Painfully average There are arguably 2 major issues this movie has: the CG and the script.
When the movie started, it opened with a gorgeous African view and I thought to myself, "Well, even if it is not going to be good, it will at least be pretty". Movies set in Africa automatically get extra points just because they are set in a country that is naturally beautiful and atmospheric. However, as the movie continued, almost everything except the actors was computer-generated, including things that did not need to be computer-generated, like trees, or a train. There is a scene where a man is walking his pet crocodile. They do not show the man's face so it would have been easy to hire a trainer with a real crocodile but even this croc was fake.
CG is always going to be an issue when you chose to make a film with animals as active characters, but another such film, The Jungle Book, at least made sure that everything looked impeccable. The same cannot be said for Tarzan, with its fake blurry steam train looking like it came out of an Xbox game. So much CG pulls you right out of the movie.
Poor CG however does not break this movie. The terrible script does. This problem can be roughly divided in 3 parts: the slow first half, the bad exposition and the poor dialogue.
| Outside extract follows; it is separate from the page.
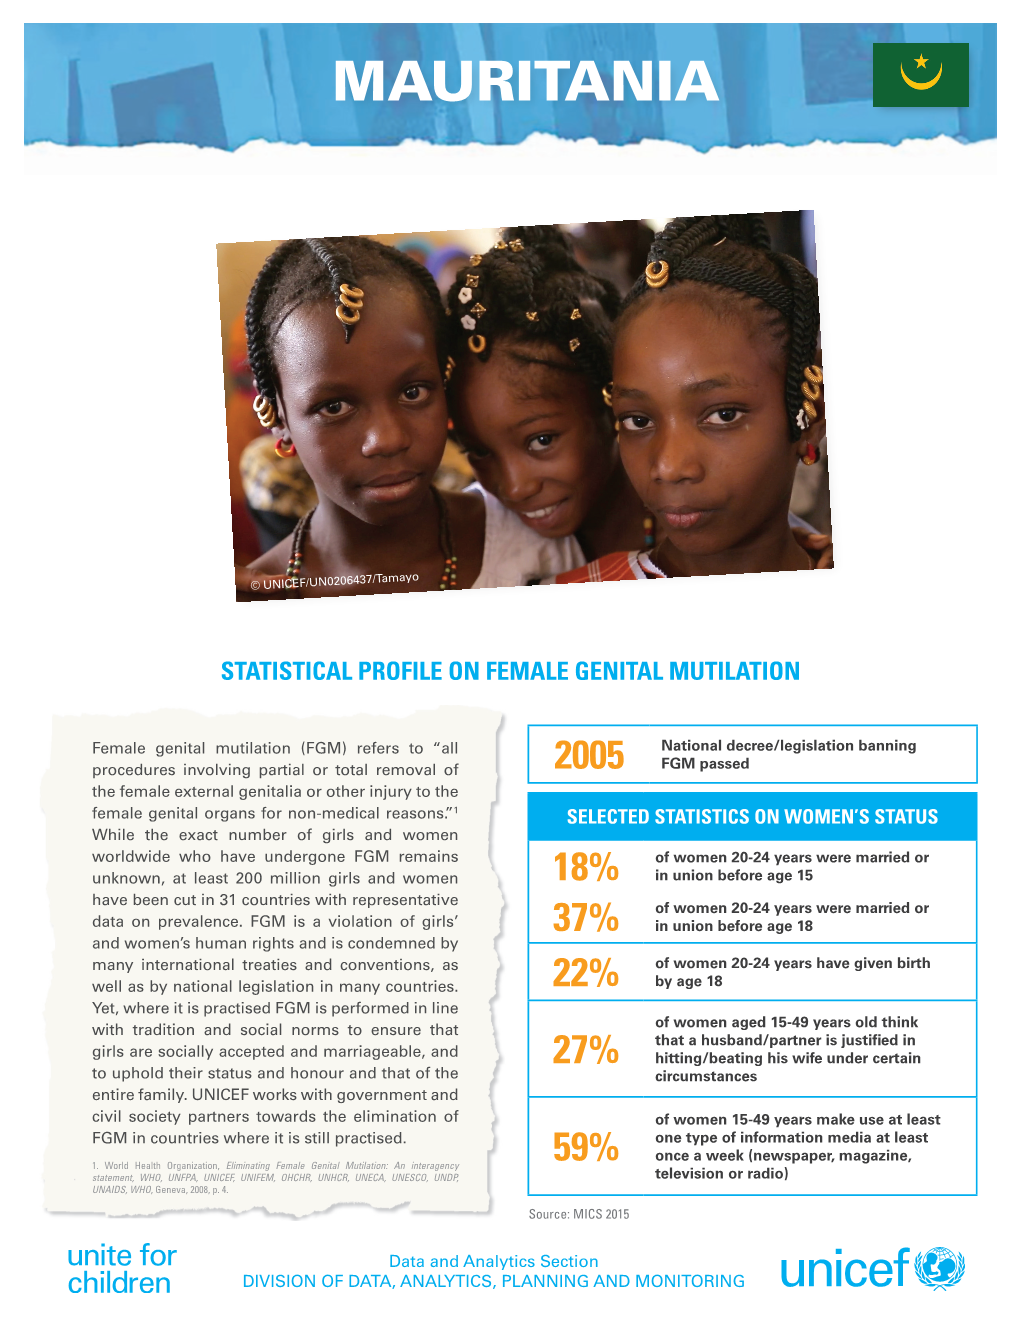 UNICEF Profile: FGM in Mauritania
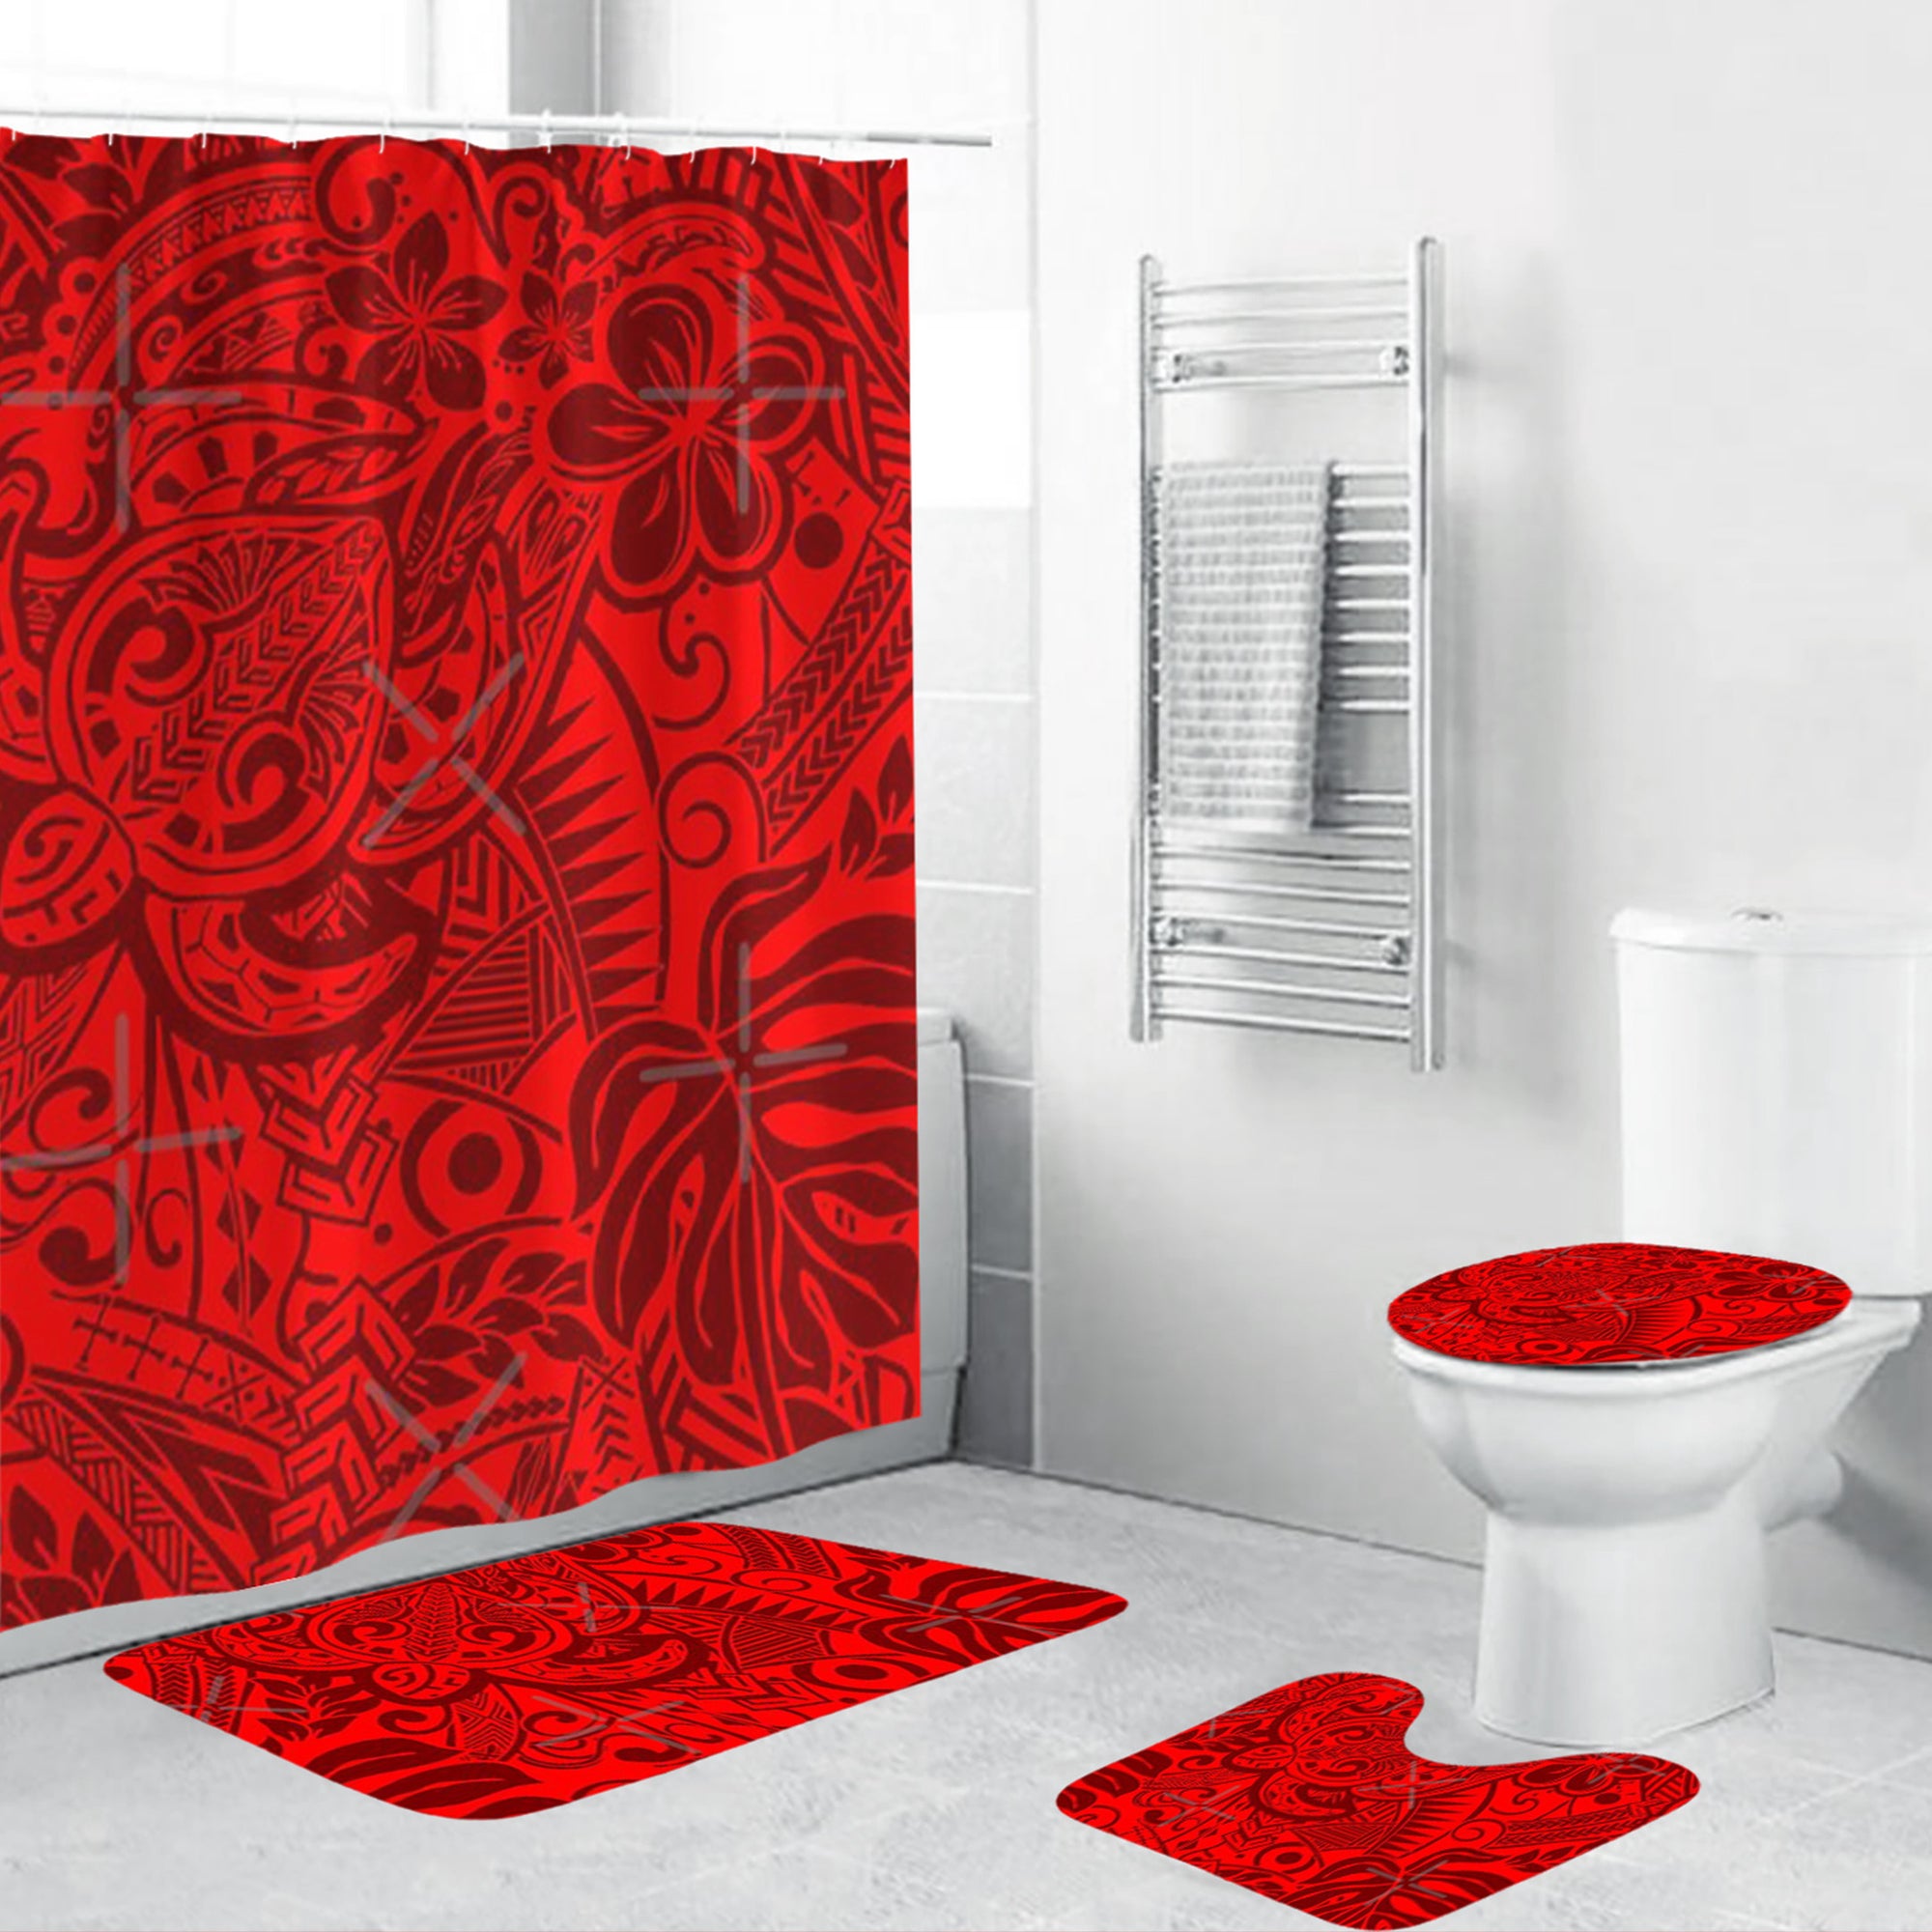 Polynesian Home Set - Polynesian Red Tribal Turtle Bathroom Set LT10 Red - Polynesian Pride

The first half of this film has a pacing problem, as it takes its sweet time with setting up the return of Tarzan to the jungle, suffering under the weight of the need to connect the current events to the original story of Tarzan through countless flashbacks, which brings us to the bad exposition. There is so much of it and it is so blunt. Every character's motivation is spelled out, and everything that is not talked about, gets shown in flashbacks. Can't find a clever way to explain what is happening? Just let the character describe it out loud. Film-making! And none of the dialogue is particularly good, nor does it fit well with the action, so all that extra talking really doesn't do this movie any favors. On top of that, there is a scene towards the end in which a character does something that makes no sense within the scope of this story, a final nail in the coffin for this flick.
Perhaps this film could have been saved with good acting. I only watched this movie because it promised Christoph Waltz, and his performance is fine, but there is a scene in which a Belgian officer played by Simon Russell Beale talks to the character of Christoph Waltz, and the performance given by Mr. Beale is considerably more captivating than that of Waltz, and Christoph Waltz is supposed to be the main villain, for crying out loud!
While this movie is not a complete wreck, it is painfully average, and in a world with so much other entertainment available, "average" might as well mean "useless".